= John Charles King =

Australian politician

John Charles King (10 July 1817 – 26 January 1870) was a politician in colonial Victoria (Australia) who served as the Commissioner of Public Works in October and November 1859.

King was born in Dromara, County Down, Ireland, the son of Henry King (died 1840), a farmer, and his wife Martha Jane, née Henry.

King was educated at the Royal Belfast Academical Institution. He sailed for Australia in 1838. In Sydney, he was impressed with reports of the Port Phillip District. He returned to Ireland, married Elizabeth Johnston, of Annandale, Scotland, and again sailed for Australia with his parents and family. In January 1841, King arrived aboard the Salsette in Melbourne, where he became an auctioneer and commission agent in Elizabeth Street. Later he briefly served as a government auctioneer.

King was Town Clerk of Melbourne from the establishment of the municipality in 1842 until 1861, when he was sent to England as the agent of the Victorian branch of the Anti-Transportation Association.
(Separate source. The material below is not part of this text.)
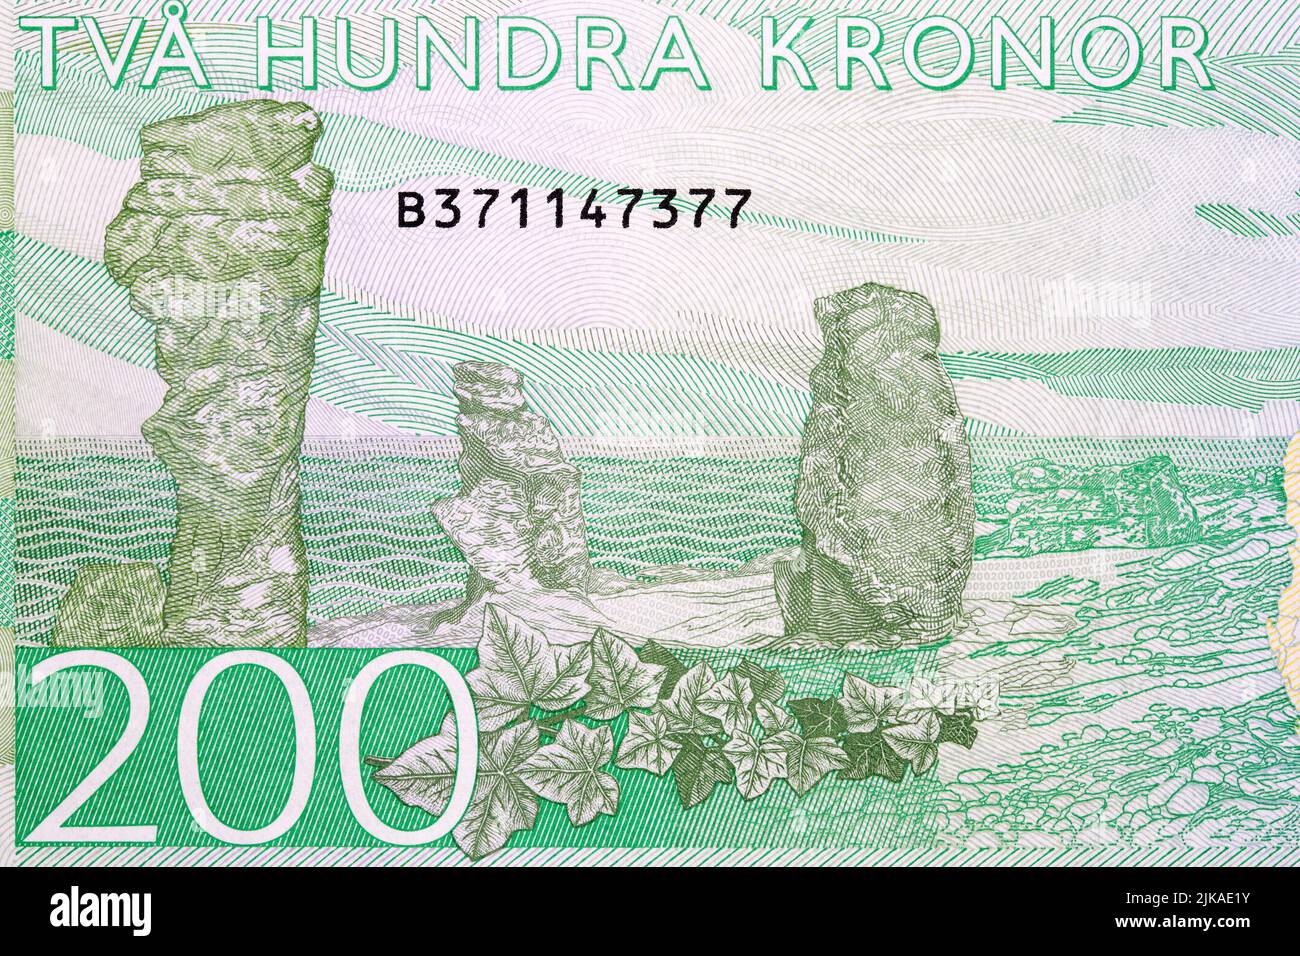 Formazioni rocciose sulle Isole Gotland da denaro svedese - Crown Foto Stock
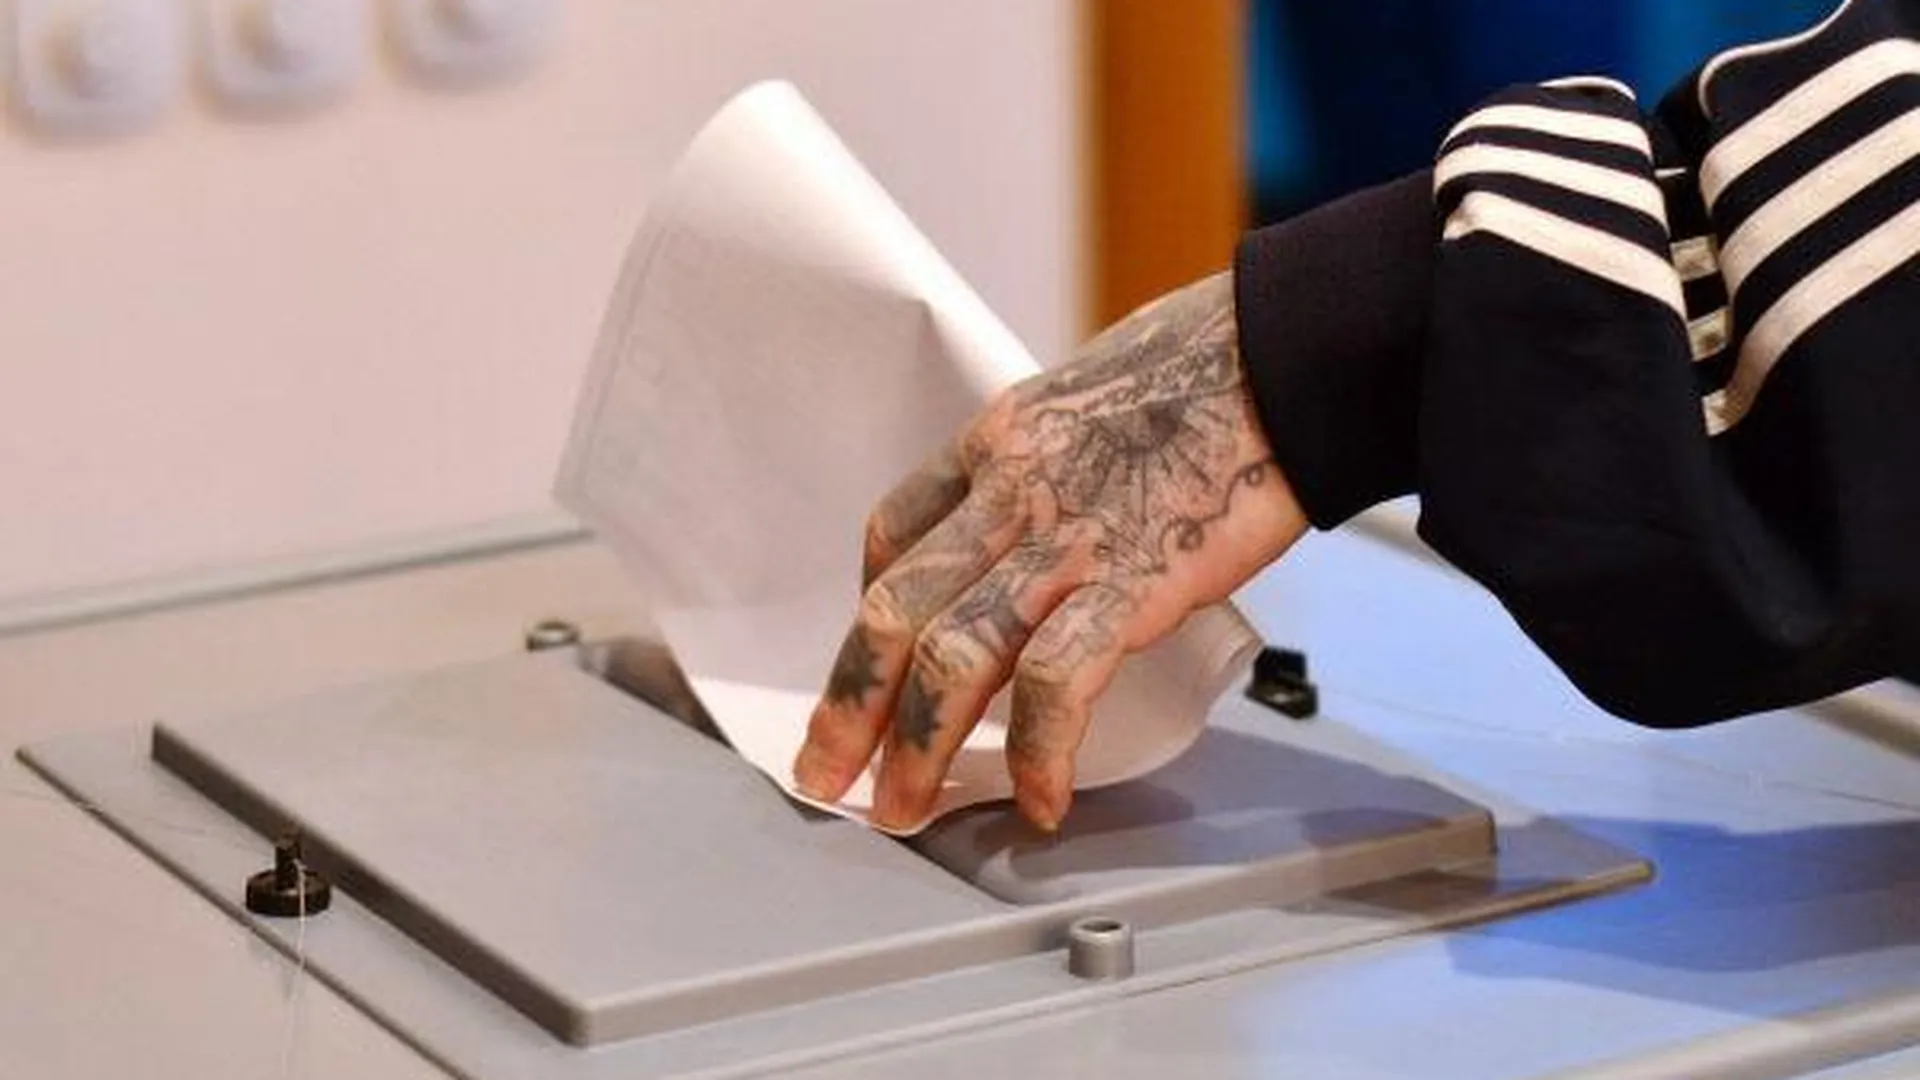 Попытка повторного голосования за деньги пресечена в Люберецком районе

He sailed on April 3, and rendered good service in thwarting Earl Grey's policy as regarded the despatch of convicts to Tasmania and Moreton Bay in 1862. On his return to Melbourne he entered the Victorian Legislative Assembly for Evelyn, and joined the William Nicholson Ministry in October 1859. He served as the Vice-President of the Board of Land and Works and Commissioner of Public Works from 27 October 1859 to 25 November 1859.

King died at sea on 26 January 1870 while returning from a health visit to Tasmania; his death was due to chronic bronchitis and a liver complaint. King was buried in the Presbyterian section of the Old Melbourne Cemetery in Queen Street, survived by his wife, two sons and three daughters.